#### HOW TO COMPLETE THIS TASK:
Begin the copy at the line containing "Bracelets: Elastic or" in the data below and end it at the line containing "The Daily Show", keeping each line exact and leaving out pictures.

#### RECORDED DATA:
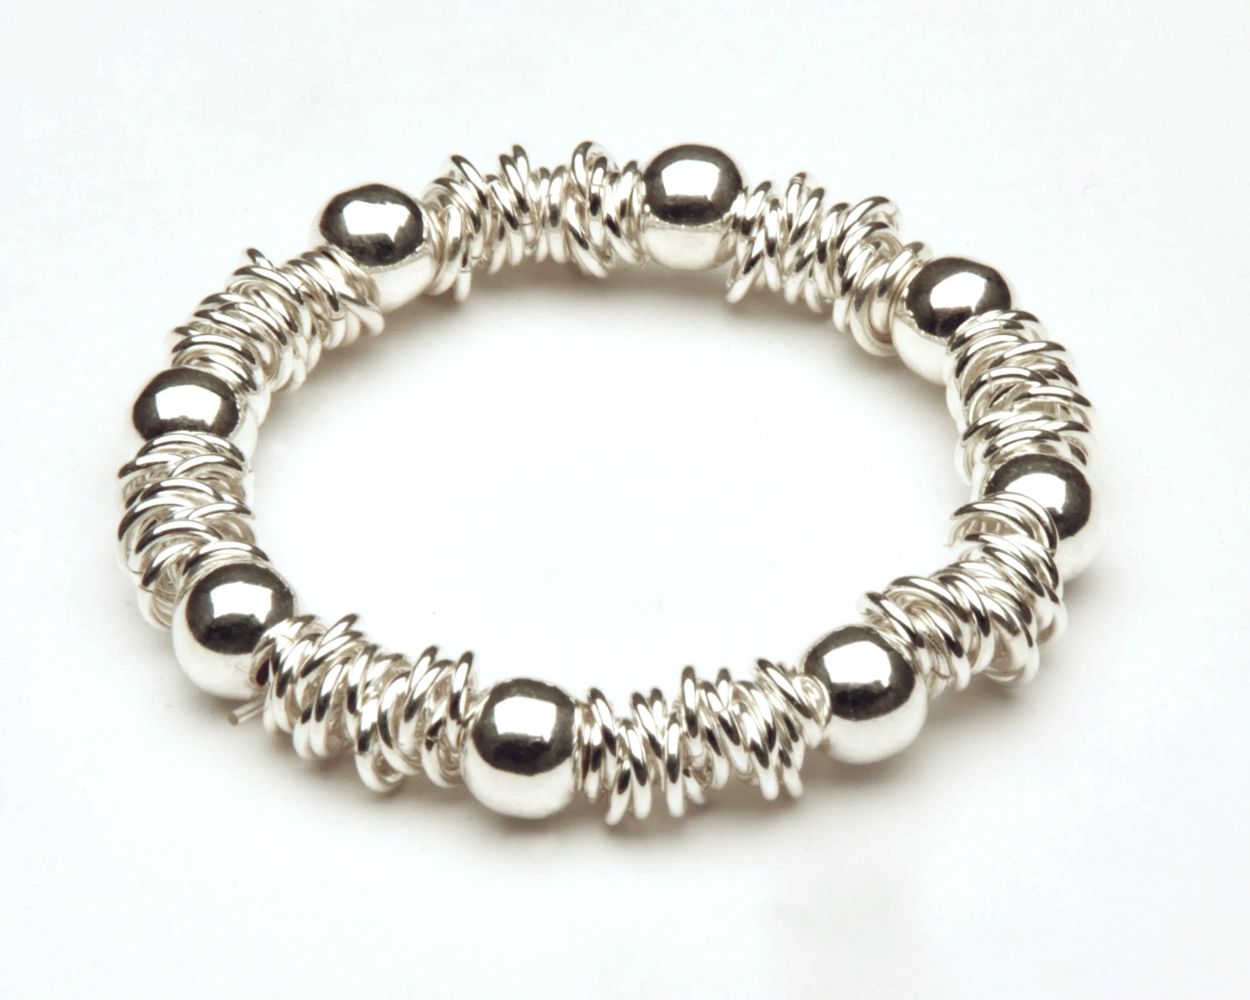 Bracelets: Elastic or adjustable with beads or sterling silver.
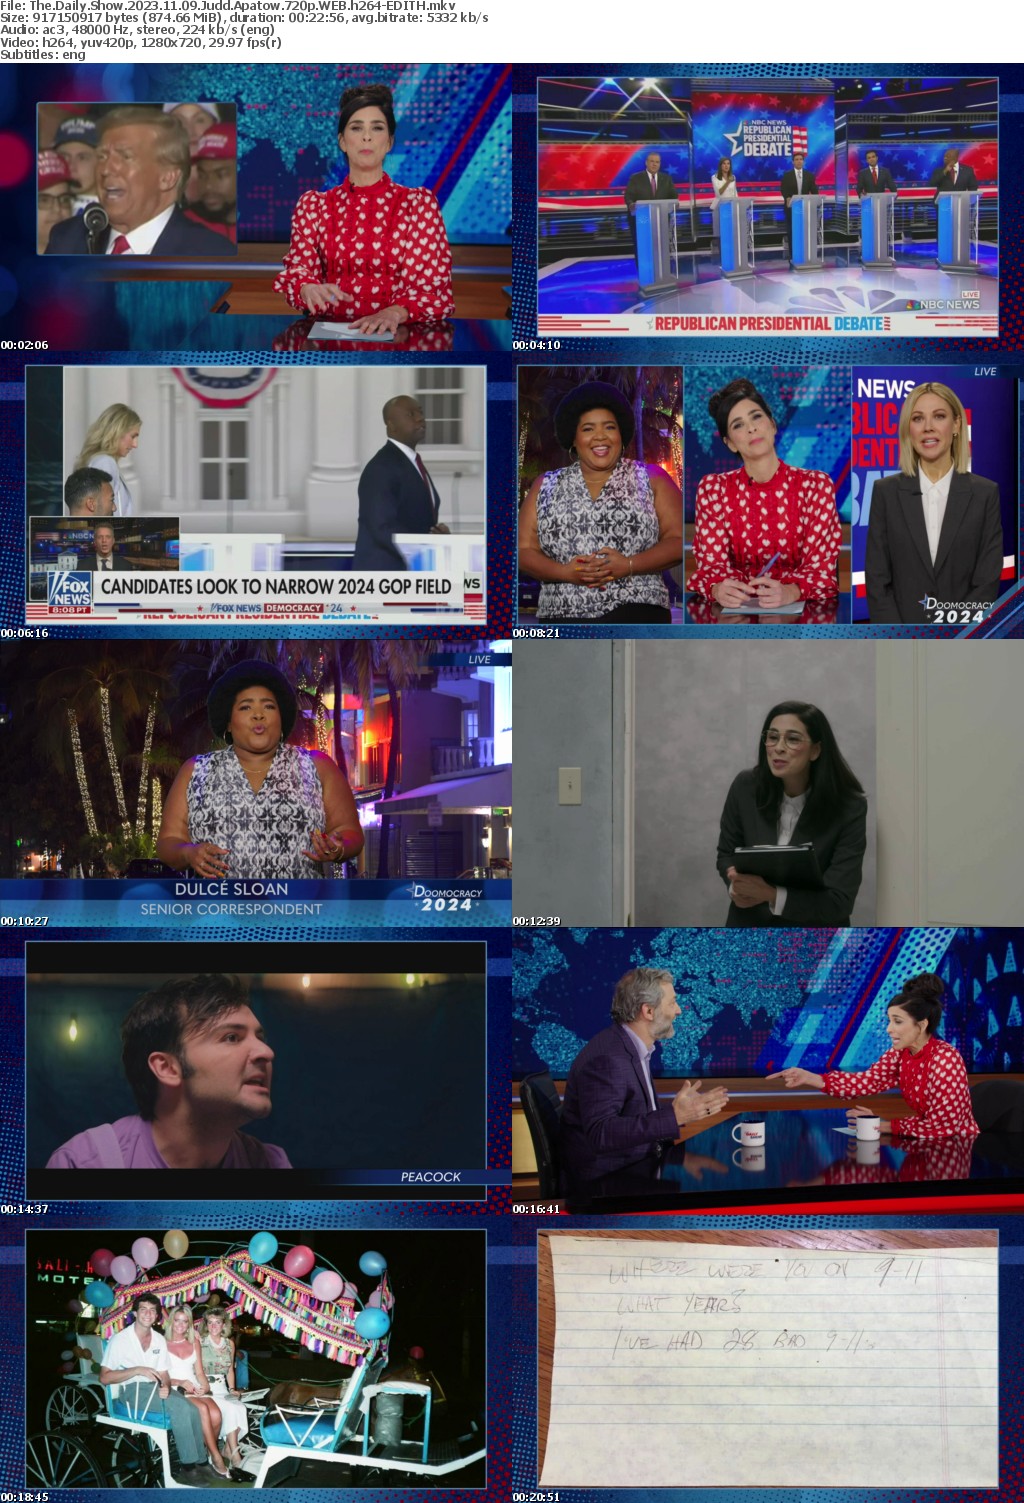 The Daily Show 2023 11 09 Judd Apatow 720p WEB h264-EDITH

...

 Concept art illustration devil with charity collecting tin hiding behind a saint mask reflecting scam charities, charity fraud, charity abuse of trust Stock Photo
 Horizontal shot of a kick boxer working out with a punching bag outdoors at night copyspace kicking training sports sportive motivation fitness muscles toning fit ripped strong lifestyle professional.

#### RESPONSE FOR THIS EXERCISE:
 Bracelets: Elastic or adjustable with beads or sterling silver.
 The Daily Show 2023 11 09 Judd Apatow 720p WEB h264-EDITH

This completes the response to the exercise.